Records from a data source

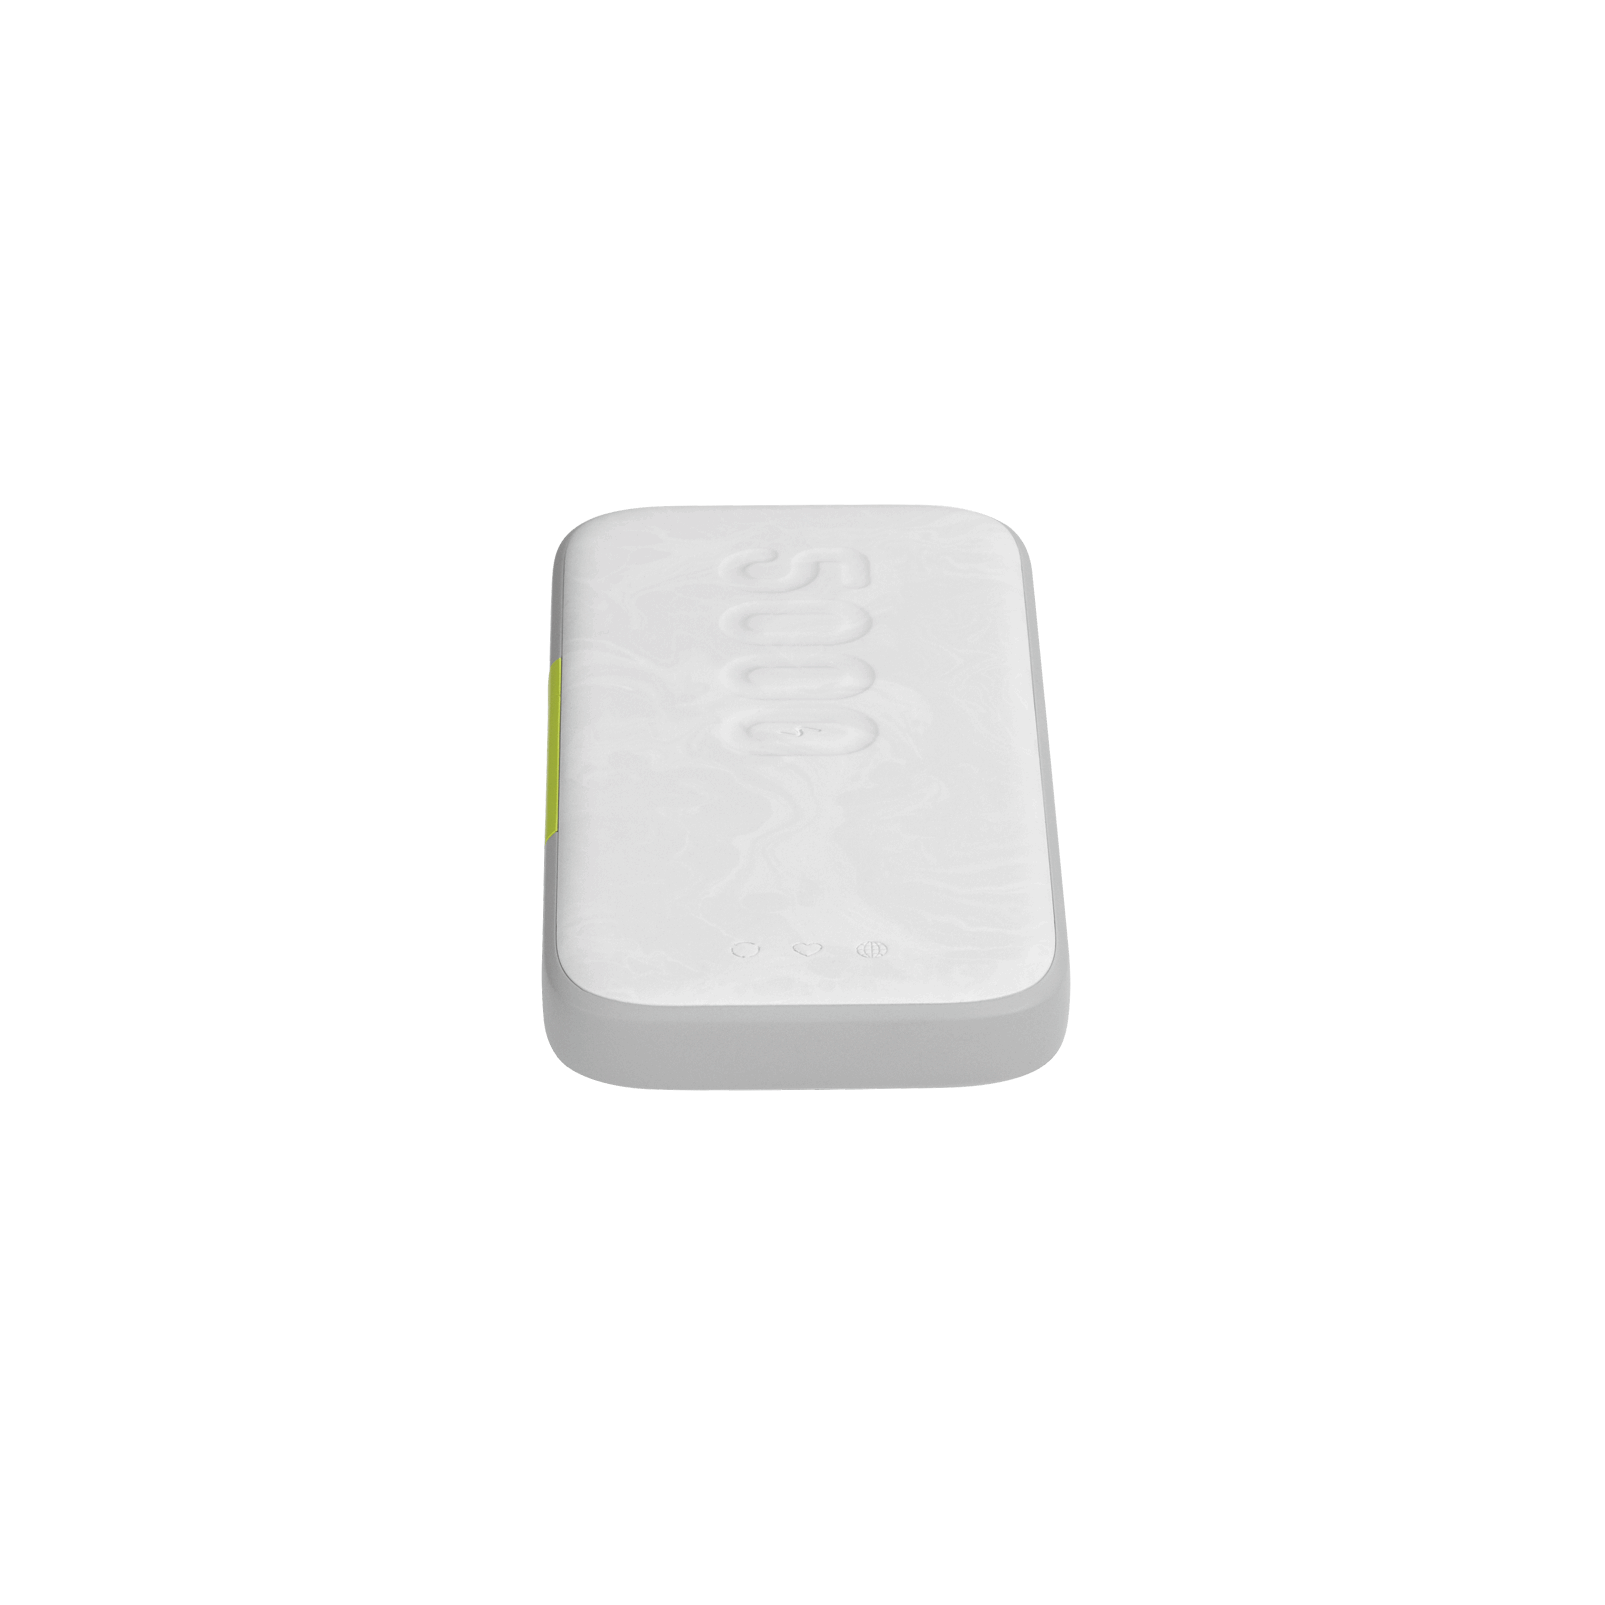 InstantGo 5000 wireless
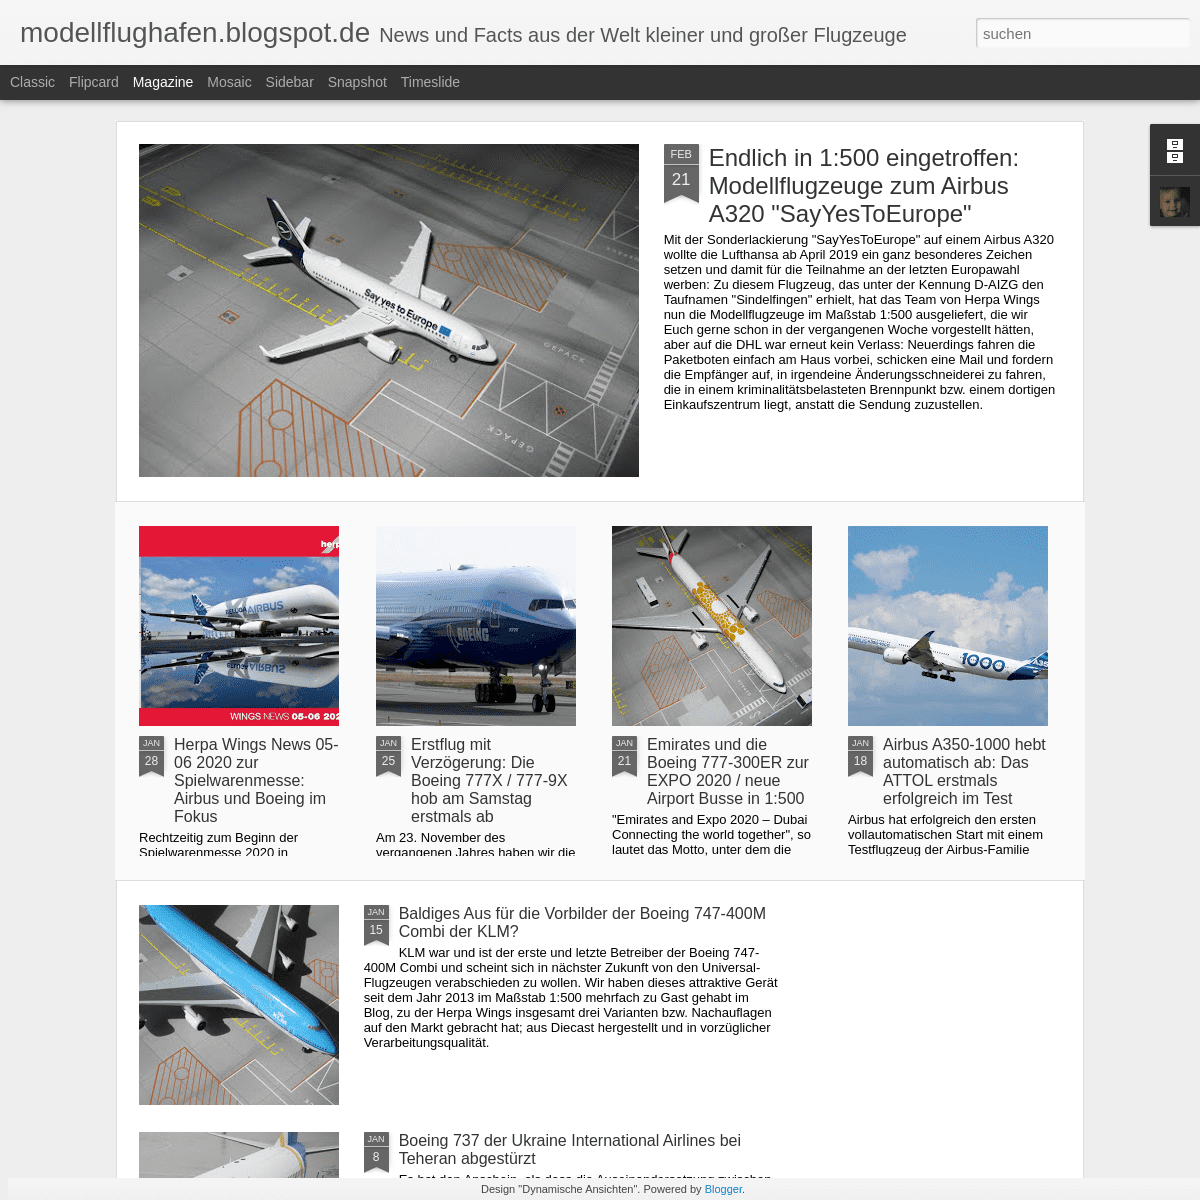 A complete backup of modellflughafen.blogspot.com
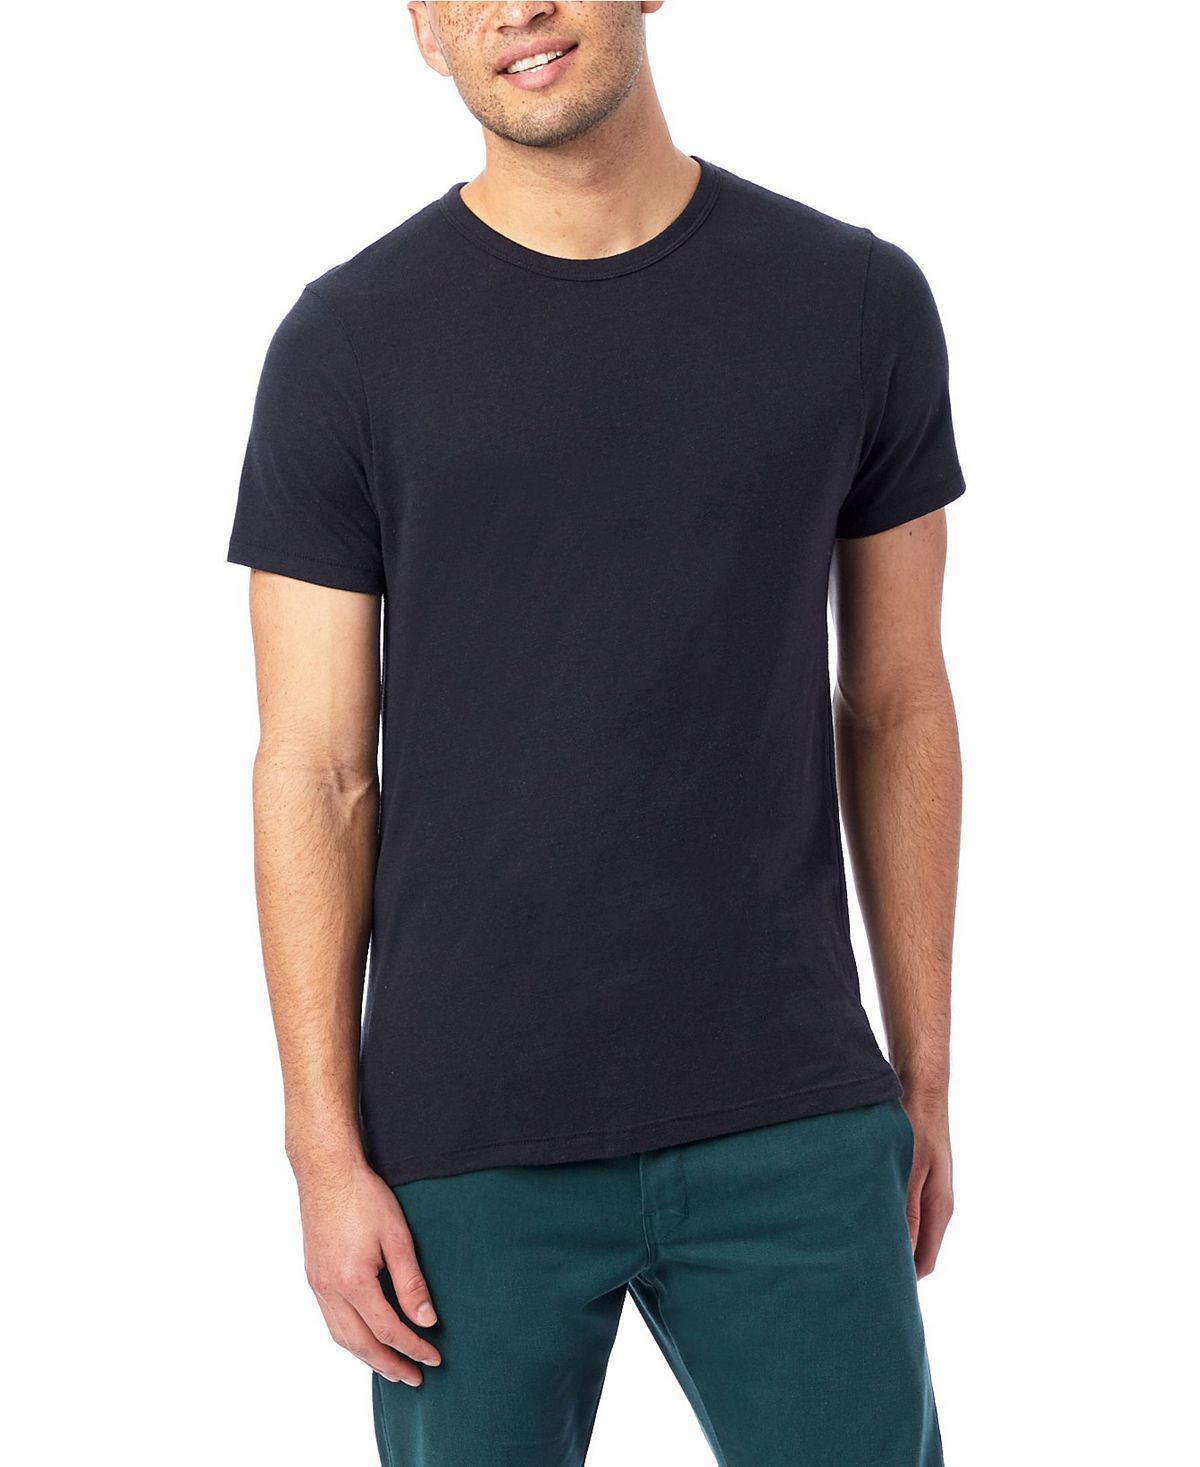 Мужская футболка из эко-джерси с круглым вырезом Alternative Apparel фото
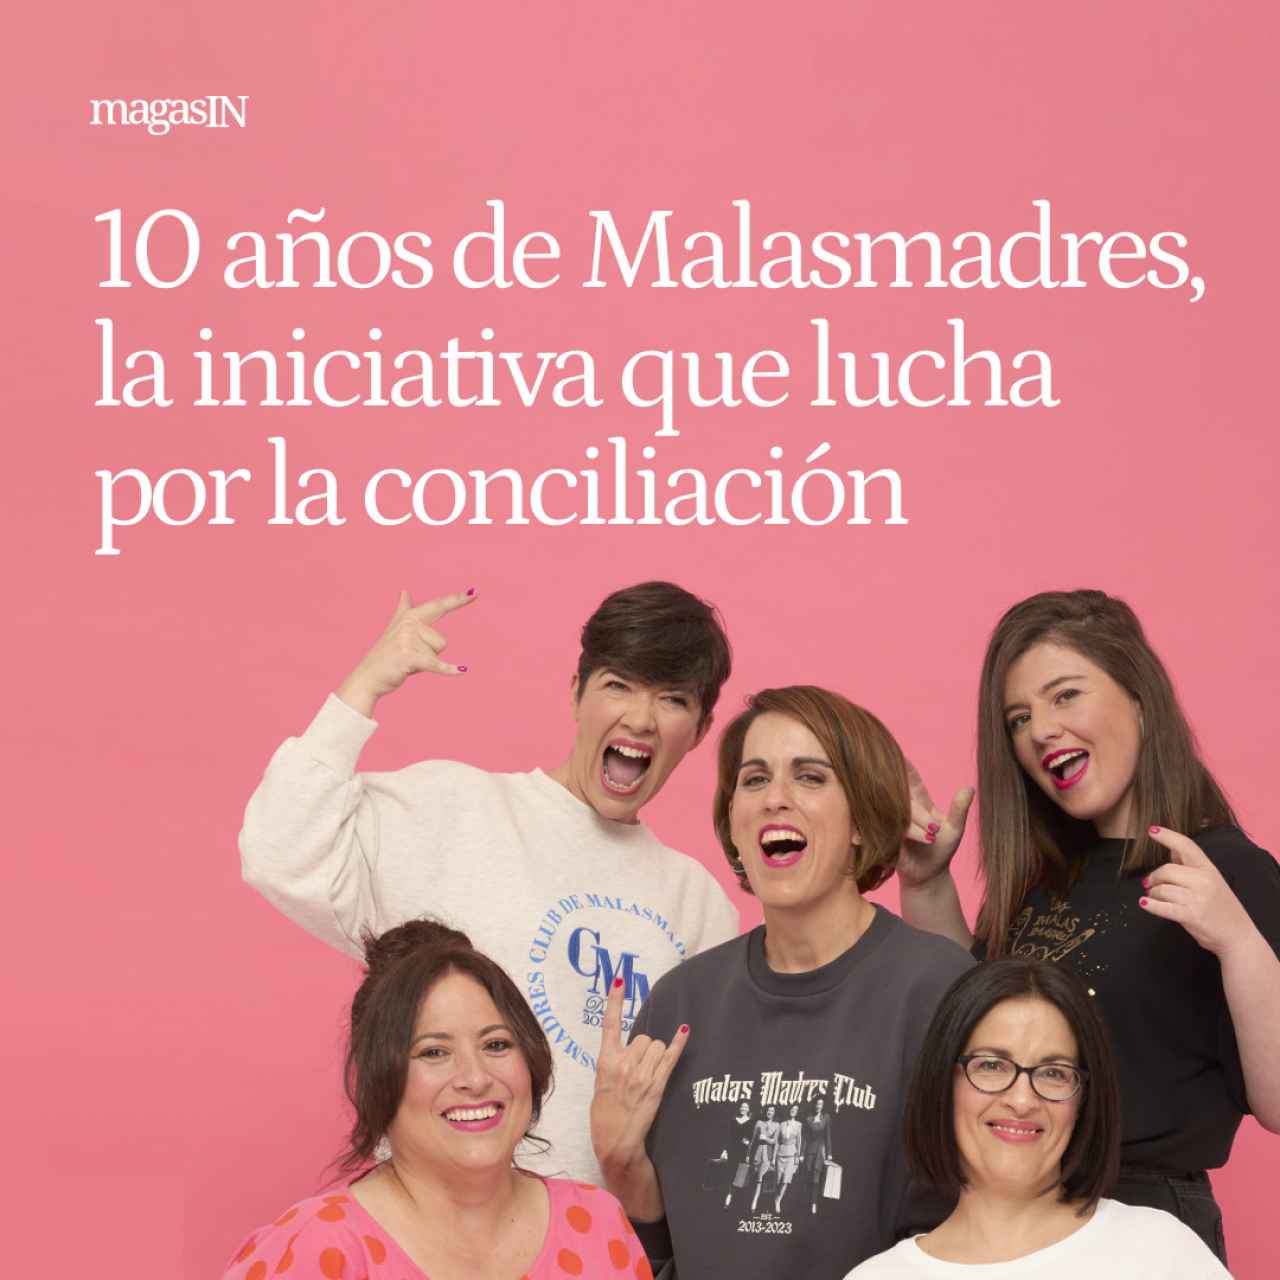 10 años de Malasmadres, la iniciativa que lucha por la conciliación entre maternidad y vida laboral
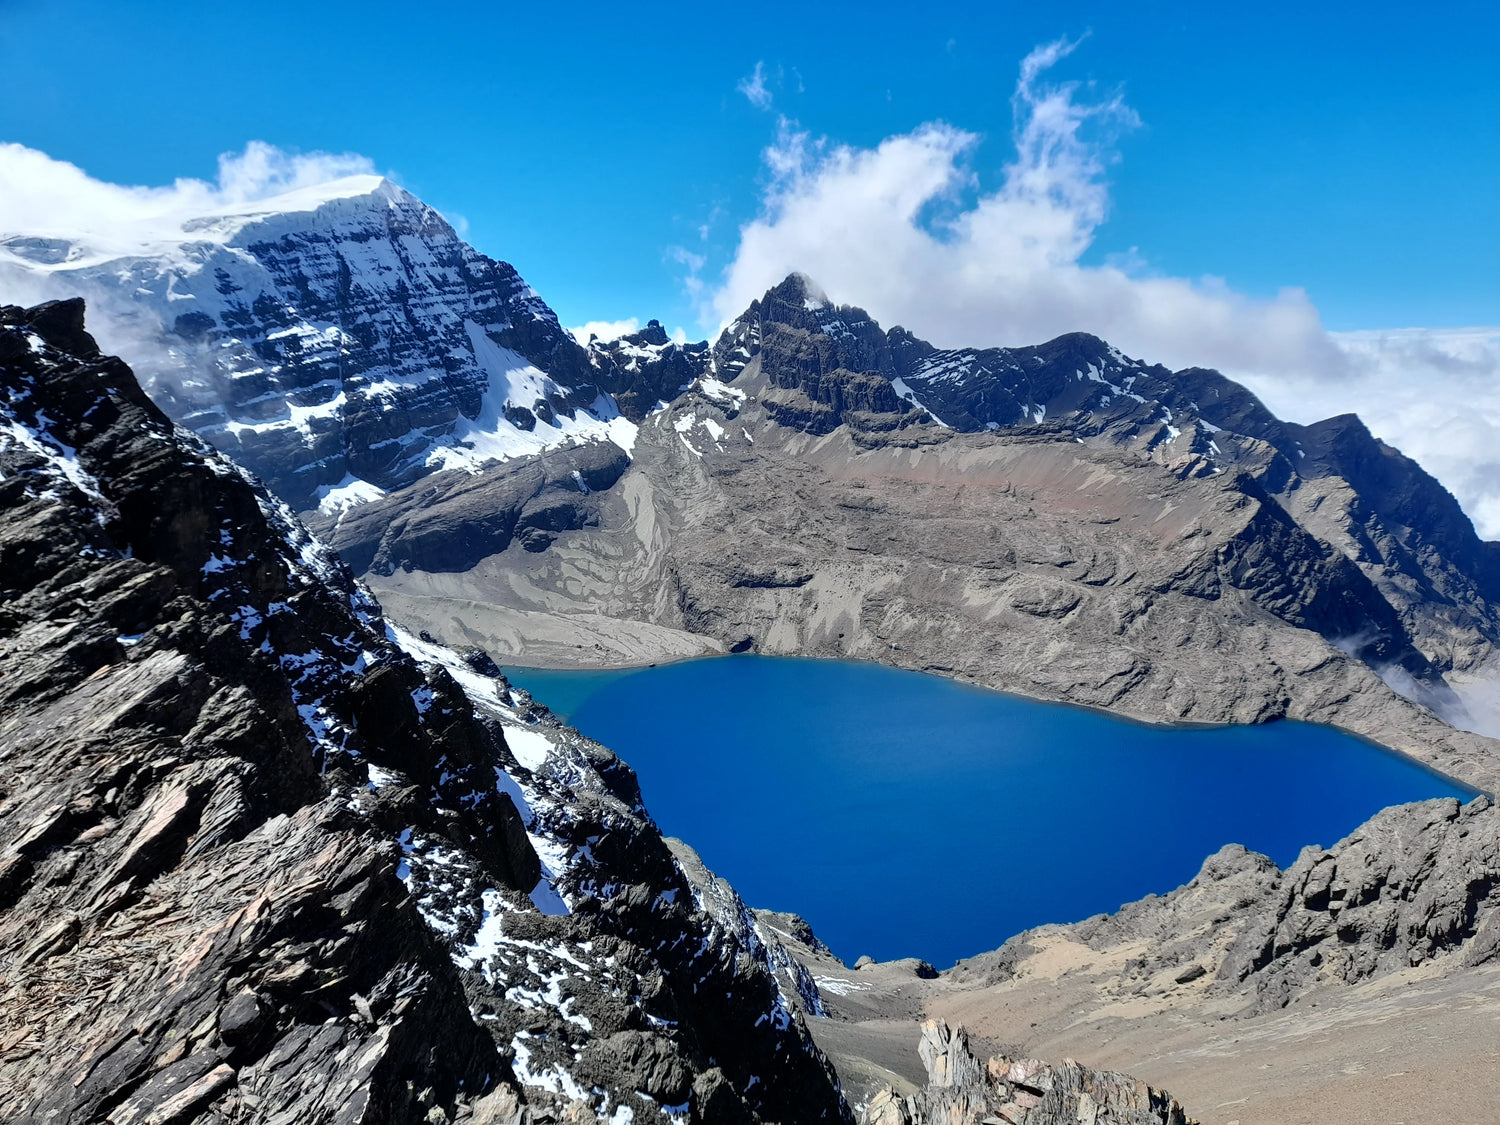 Bergsteiger und Trekkingreisen nach Südamerika - https://www.suedamerikatours.de/

• _WHAT TO PRODUCE_
All lines from the one with "10 años de Malasmadres, la" through the end of the records above must be reproduced exactly, both ends included, and the pictures must be left out.

• _EXERCISE SOLUTION_
 10 años de Malasmadres, la iniciativa que lucha por la conciliación entre maternidad y vida laboral
 Bergsteiger und Trekkingreisen nach Südamerika - https://www.suedamerikatours.de/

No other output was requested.